The speaker opens this session with a discussion of the challenges in concurrency programming. When developing concurrent programs, rare thread interleavings can result in bugs. These bugs are hard to find, reproduce, and debug. These "Heisenbugs" occasionally surface in systems that have otherwise been running reliably for months. Heisenbugs present a huge productivity problem because developers and testers can spend weeks chasing a single bug.
The speaker then explains that the Concurrency Analysis Platform (CAP) gives users the ability to explore all interleavings. Exploring the interleavings is difficult typically since the programmer needs to understand the complexities of concurrency. However, CAP introduces an API that the common user can understand.
Next, the speaker describes CHESS, a tool built on CAP that allows you to find and reproduce Heisenbugs. CHESS repeatedly runs a concurrent test ensuring that every run takes a different interleaving. If an interleaving results in an error, CHESS can reproduce the interleaving for improved debugging. CHESS is available for both managed and native programs, and it is used extensively at Microsoft in programs such as the Parallel Computing Platform (PCP), the Singularity operating system, Dryad, and Cosmos. CHESS will be releasing via DevLabs and is designed to integrate well with Microsoft Visual Studio.
The speaker then discusses two debugging tools built on CAP that are in development. FeatherLite, a CAP debugging tool currently in development, is designed for lightweight data-race detection. A data race occurs in a multithreaded program when two threads access the same memory location without any intervening synchronization operations and at least one of the accesses is a write. Data races result in access to data with insufficient synchronization and are a common source of concurrency errors. Existing data-race detection tools process every memory access and have a large runtime overhead, which results in more than a ten-fold increase in processing time. FeatherLite introduces sampling to reduce overhead. With intelligent sampling algorithms, FeatherLite processes less than five percent of the memory accesses, resulting in less than thirty percent runtime overhead. FeatherLite plus CAP creates active data-race detection.

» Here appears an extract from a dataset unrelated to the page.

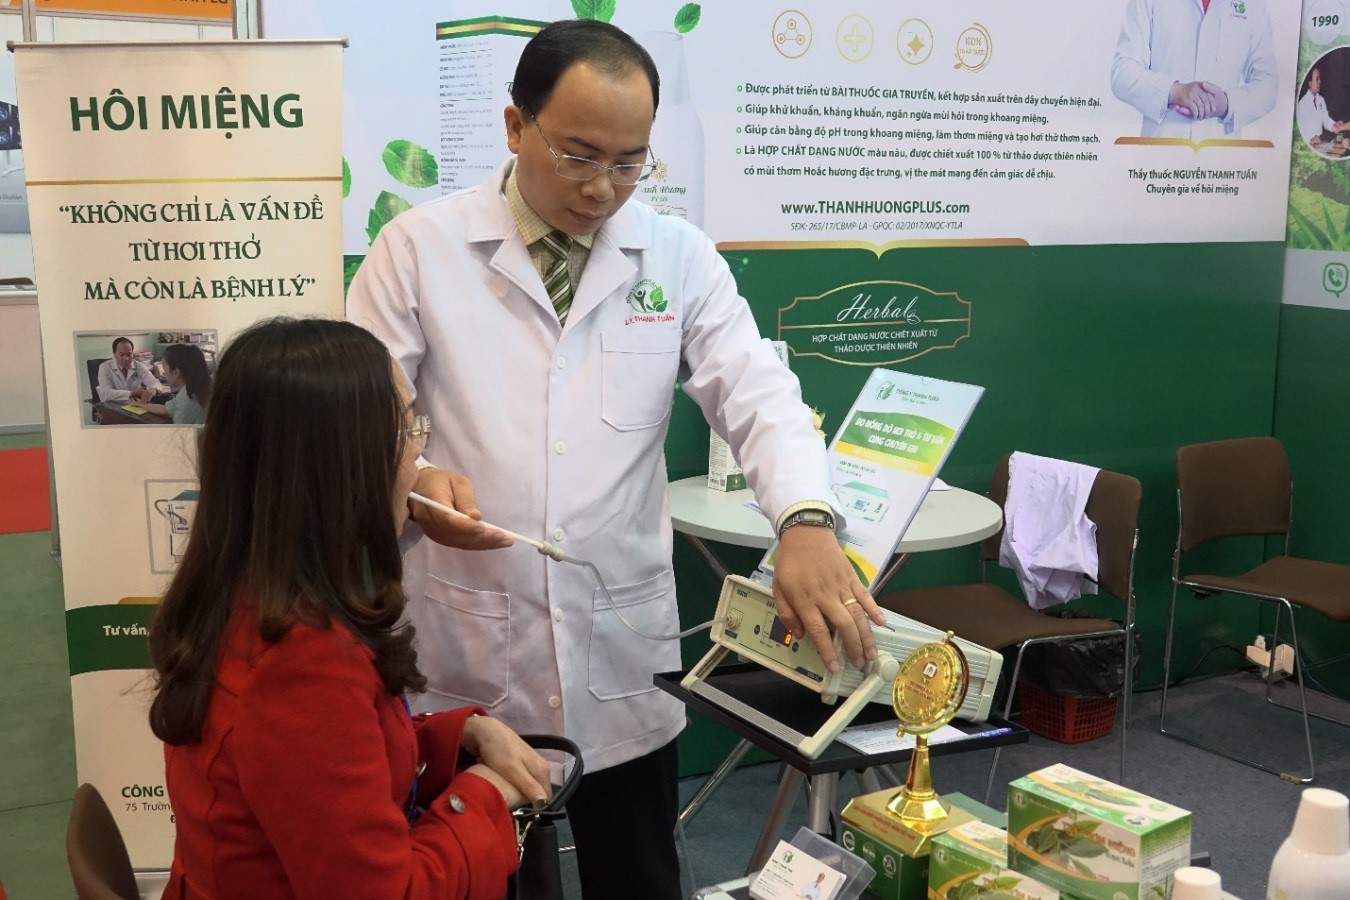 Thầy thuốc Nguyễn Thanh Tuấn đo nồng độ hôi miệng cho bệnh nhân ở xa
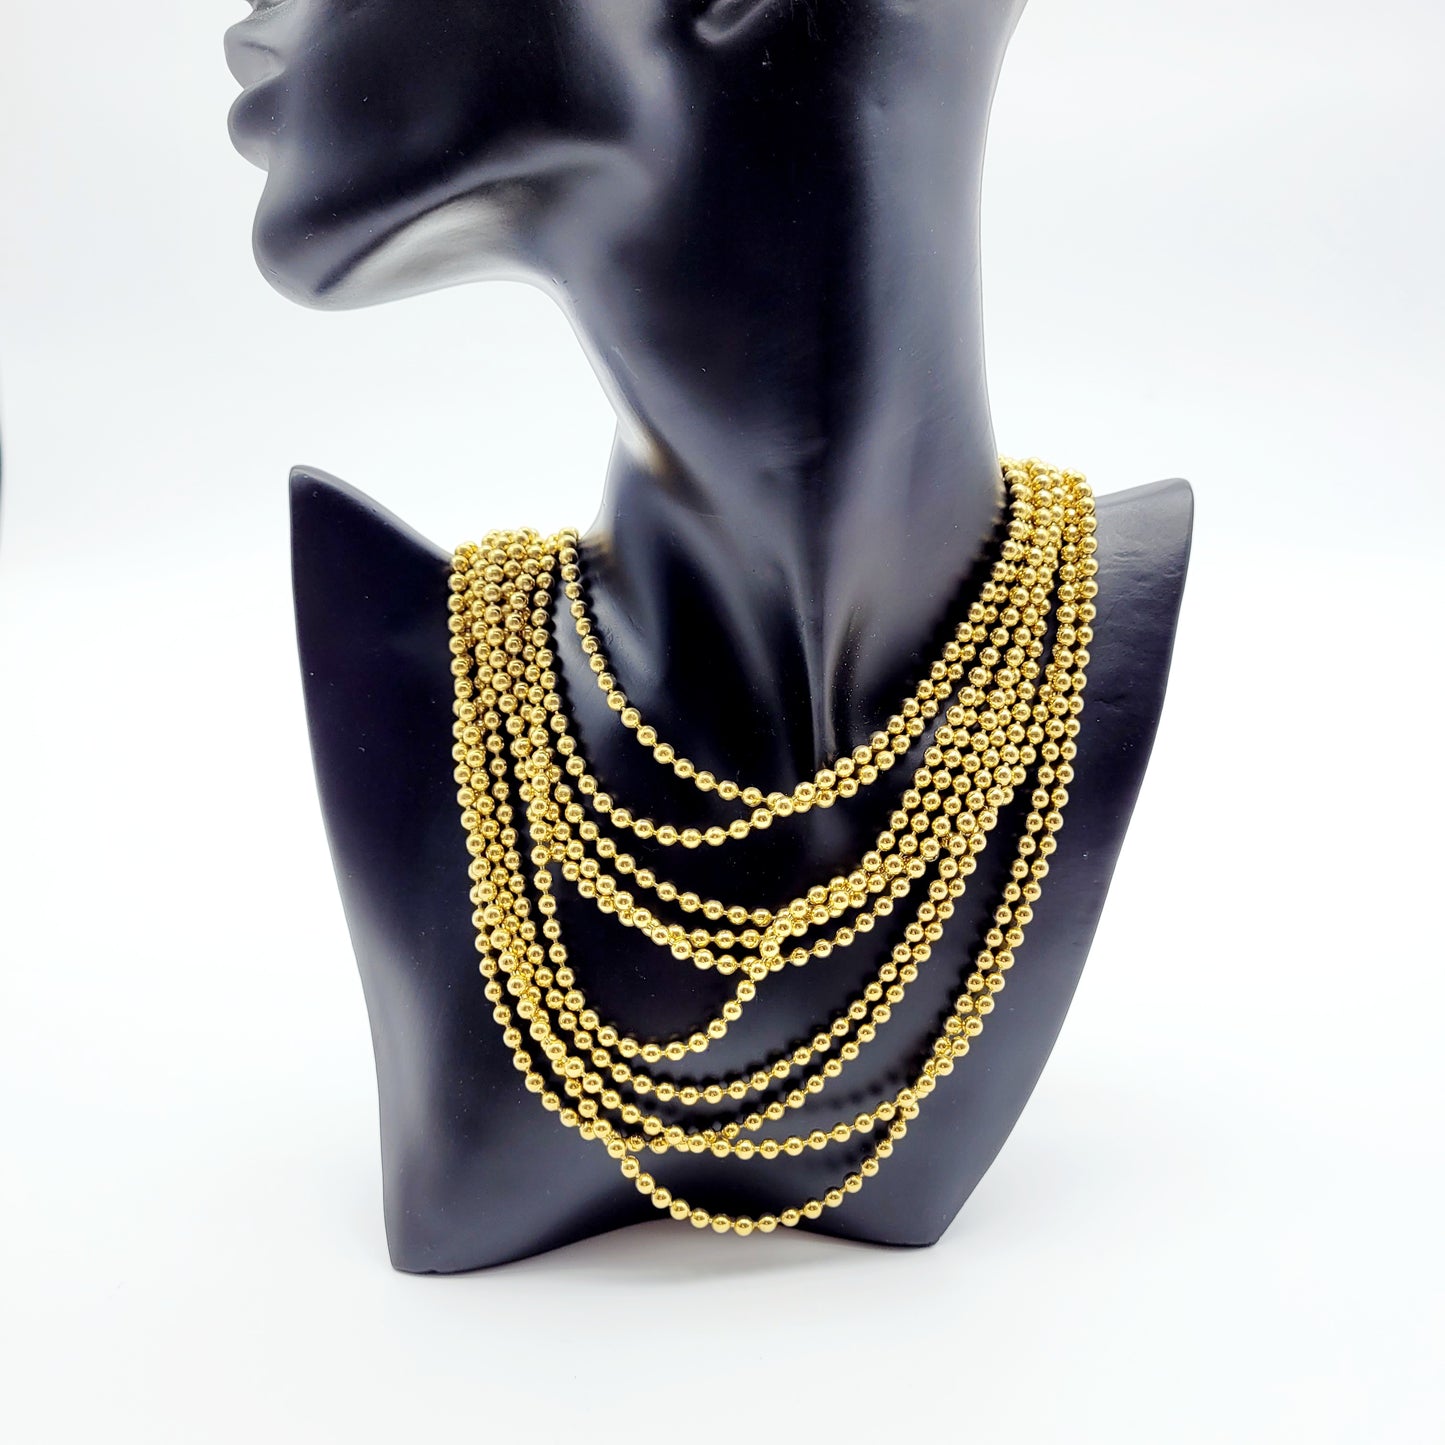 Vintage Yves Saint Laurent necklace

The second future CAP tool the speaker explores is Sober, a tool for finding memory model errors. Expert programmers use "lock-free" techniques that use low-level synchronizations and volatile variables, which expose programs to memory-model issues. For instance, the compiler can reorder instructions and hardware can reorder or delay memory accesses, resulting in hidden bugs that are difficult to understand.
This session includes several demonstrations about why concurrency is difficult, taming concurrency, CHESS in Visual Studio, and Heisenbugs in cluster continuous replication (CCR).